### [PROBLEM DETAILS]
The pictures in the listing below are to be skipped, while the lines between the line holding "LOT - Polish" and the line holding "New Balance Cush+", inclusive, are to be output exactly.

### [PROVIDED DATA]
%%

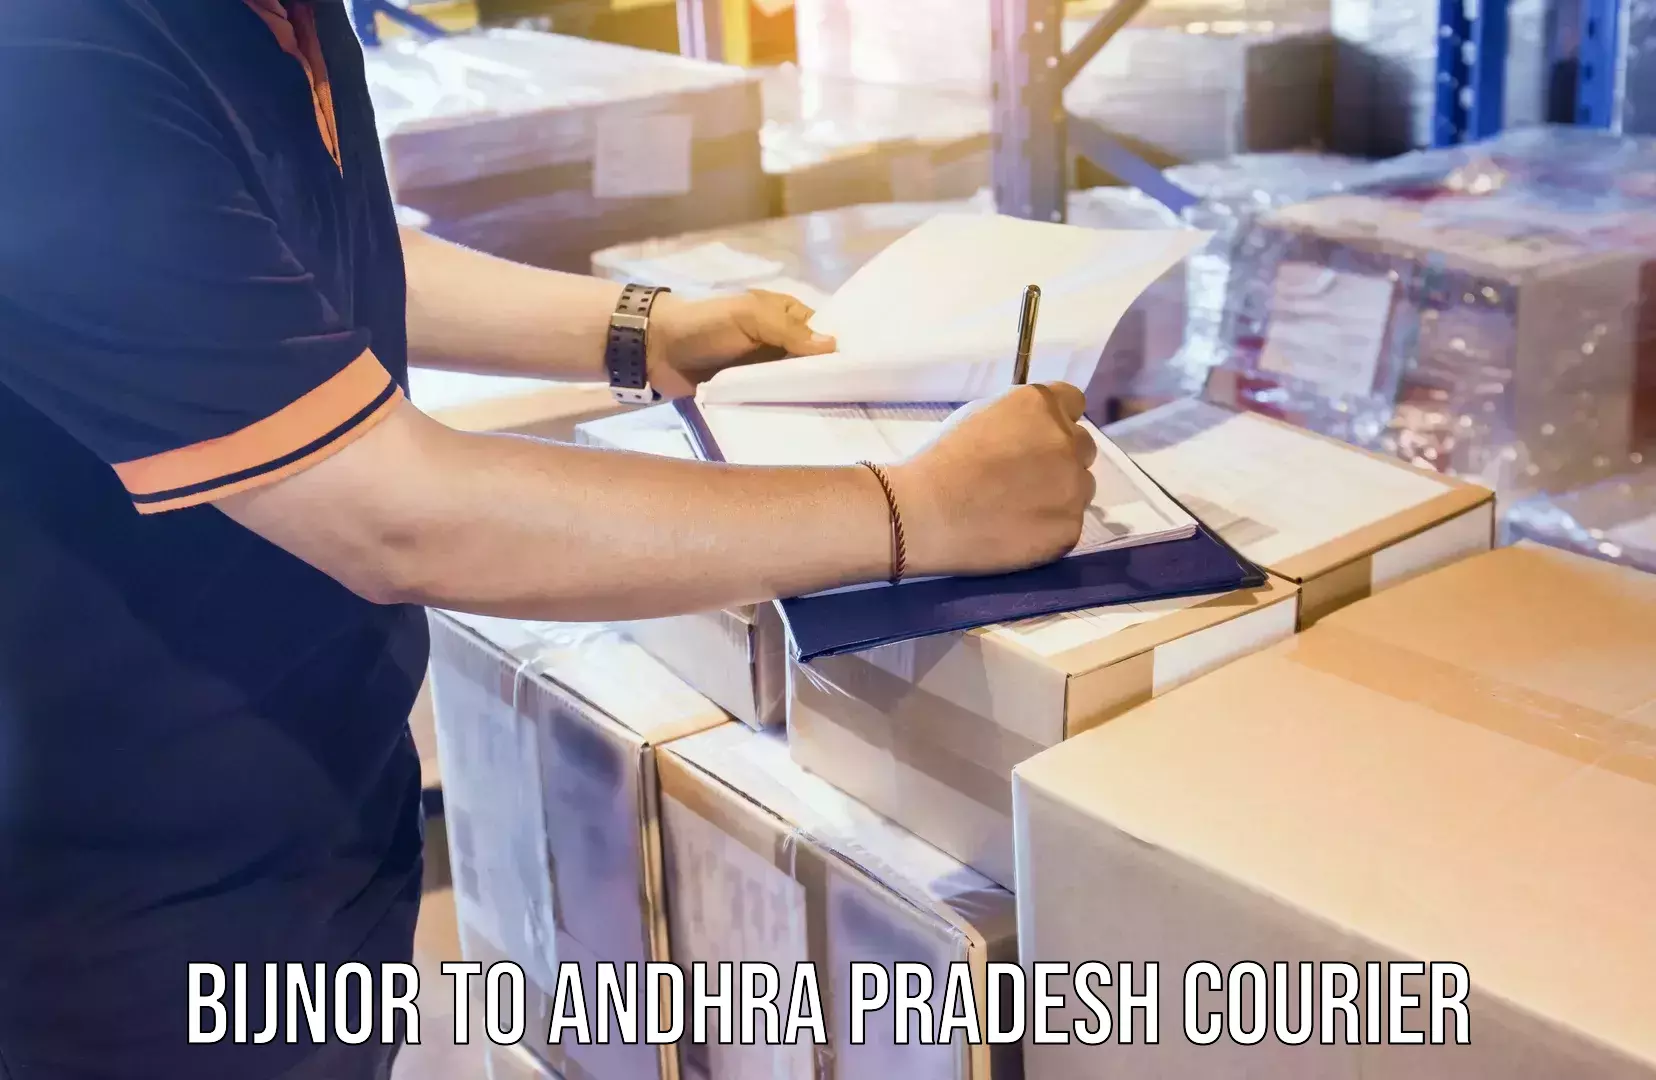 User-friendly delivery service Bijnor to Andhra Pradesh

%%
%%

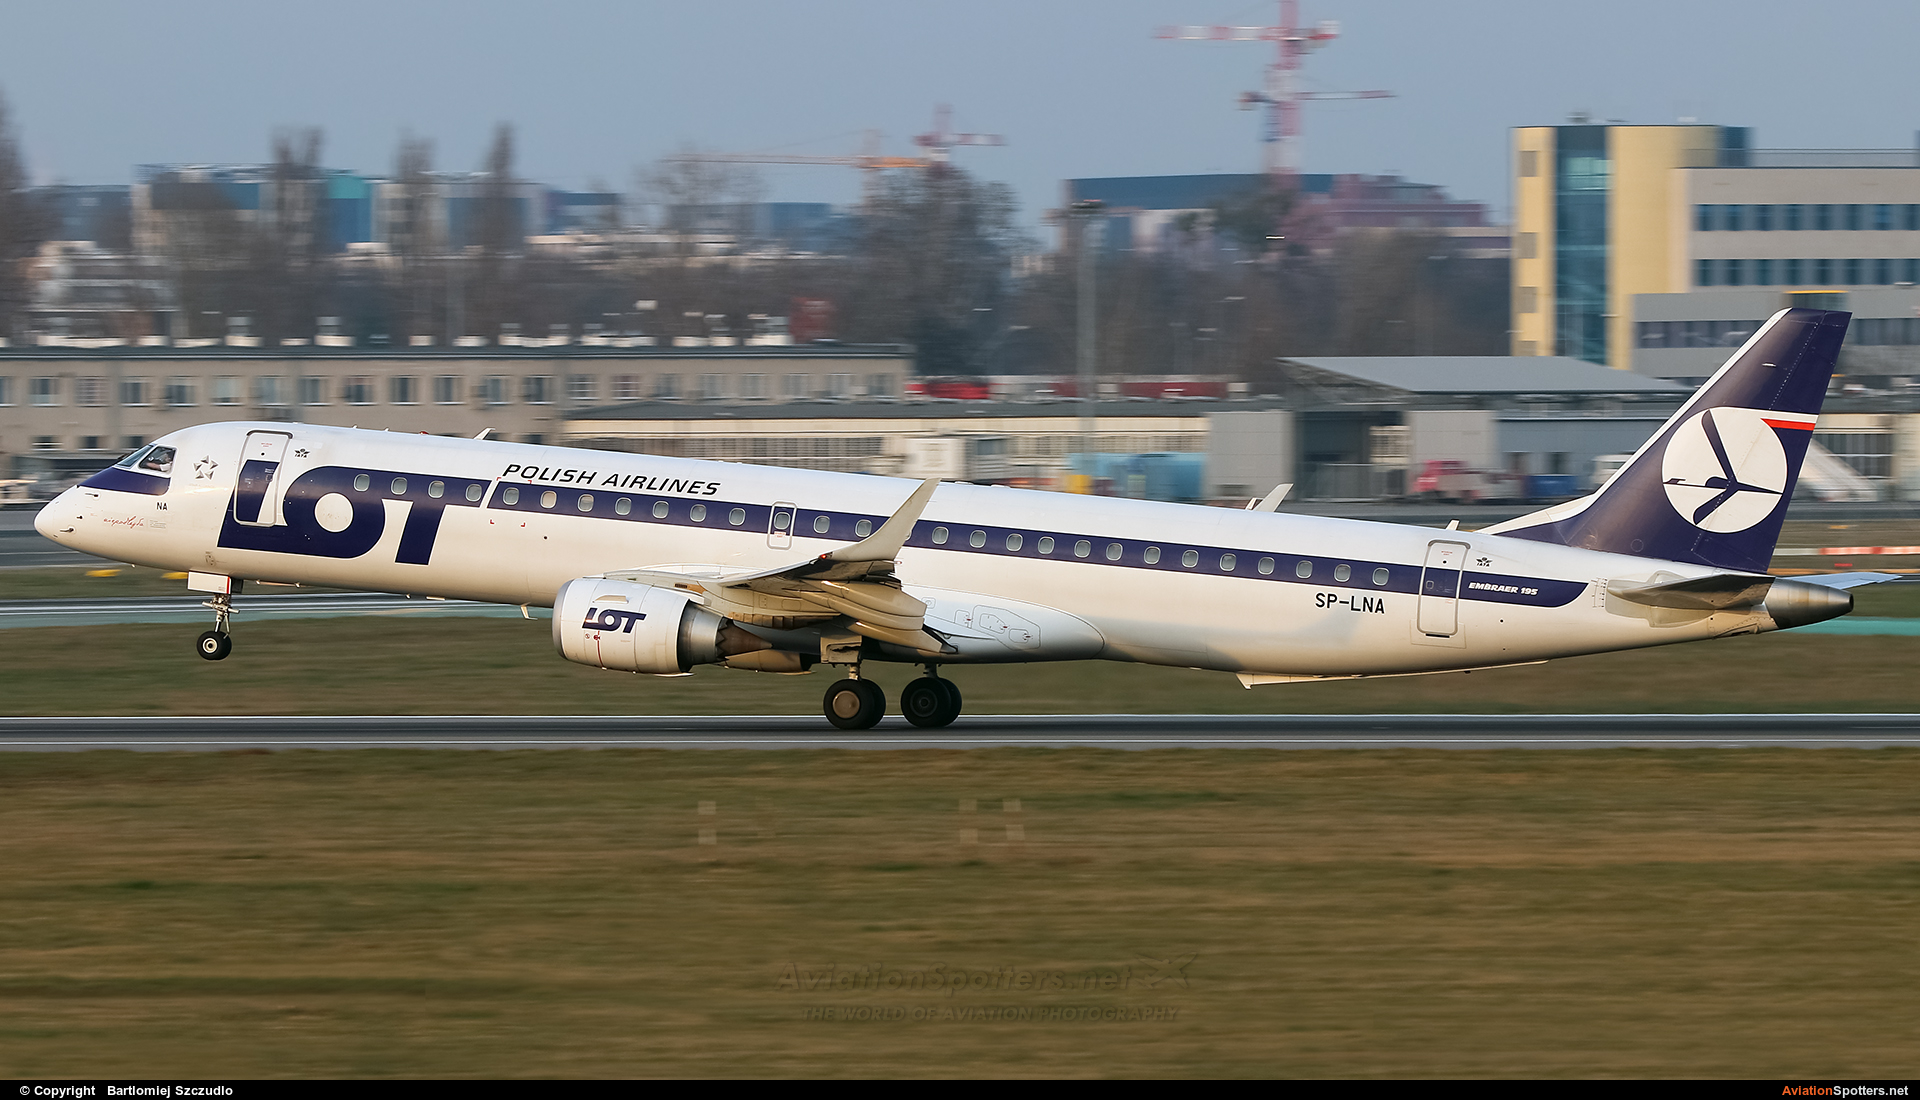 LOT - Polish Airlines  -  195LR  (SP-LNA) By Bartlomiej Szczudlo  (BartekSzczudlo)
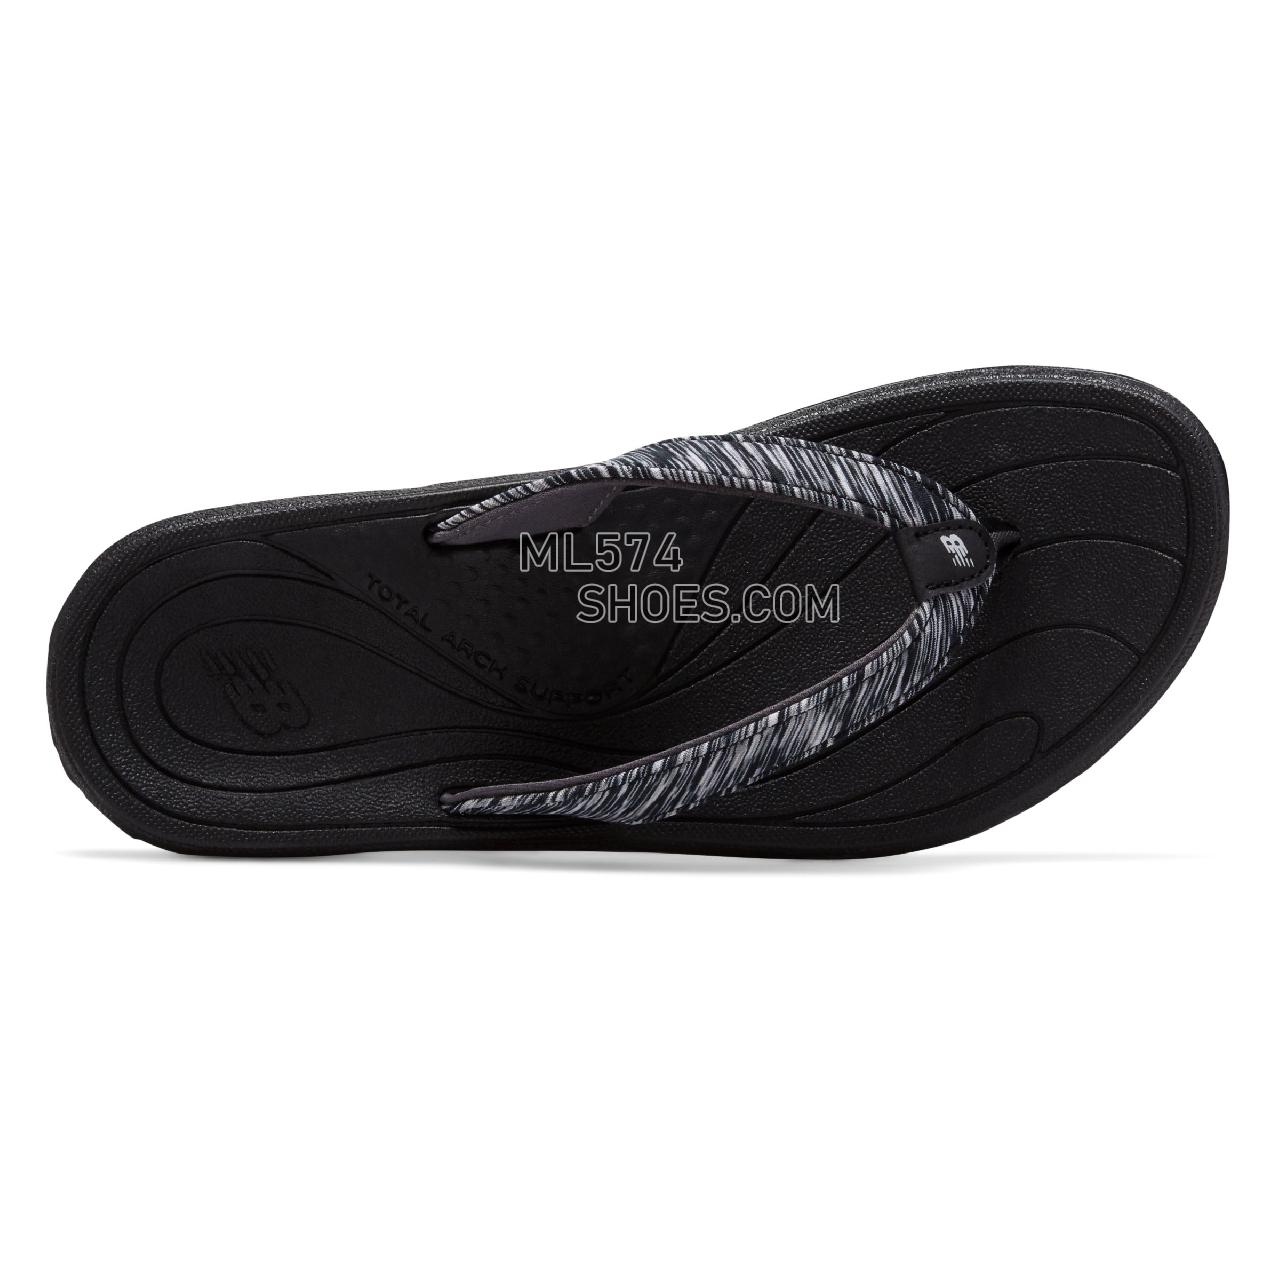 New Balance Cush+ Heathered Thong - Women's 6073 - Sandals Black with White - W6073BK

%%

### [PROBLEM SOLUTION]
 LOT - Polish Airlines  -  195LR  (SP-LNA) By Bartlomiej Szczudlo  (BartekSzczudlo)
 New Balance Cush+ Heathered Thong - Women's 6073 - Sandals Black with White - W6073BK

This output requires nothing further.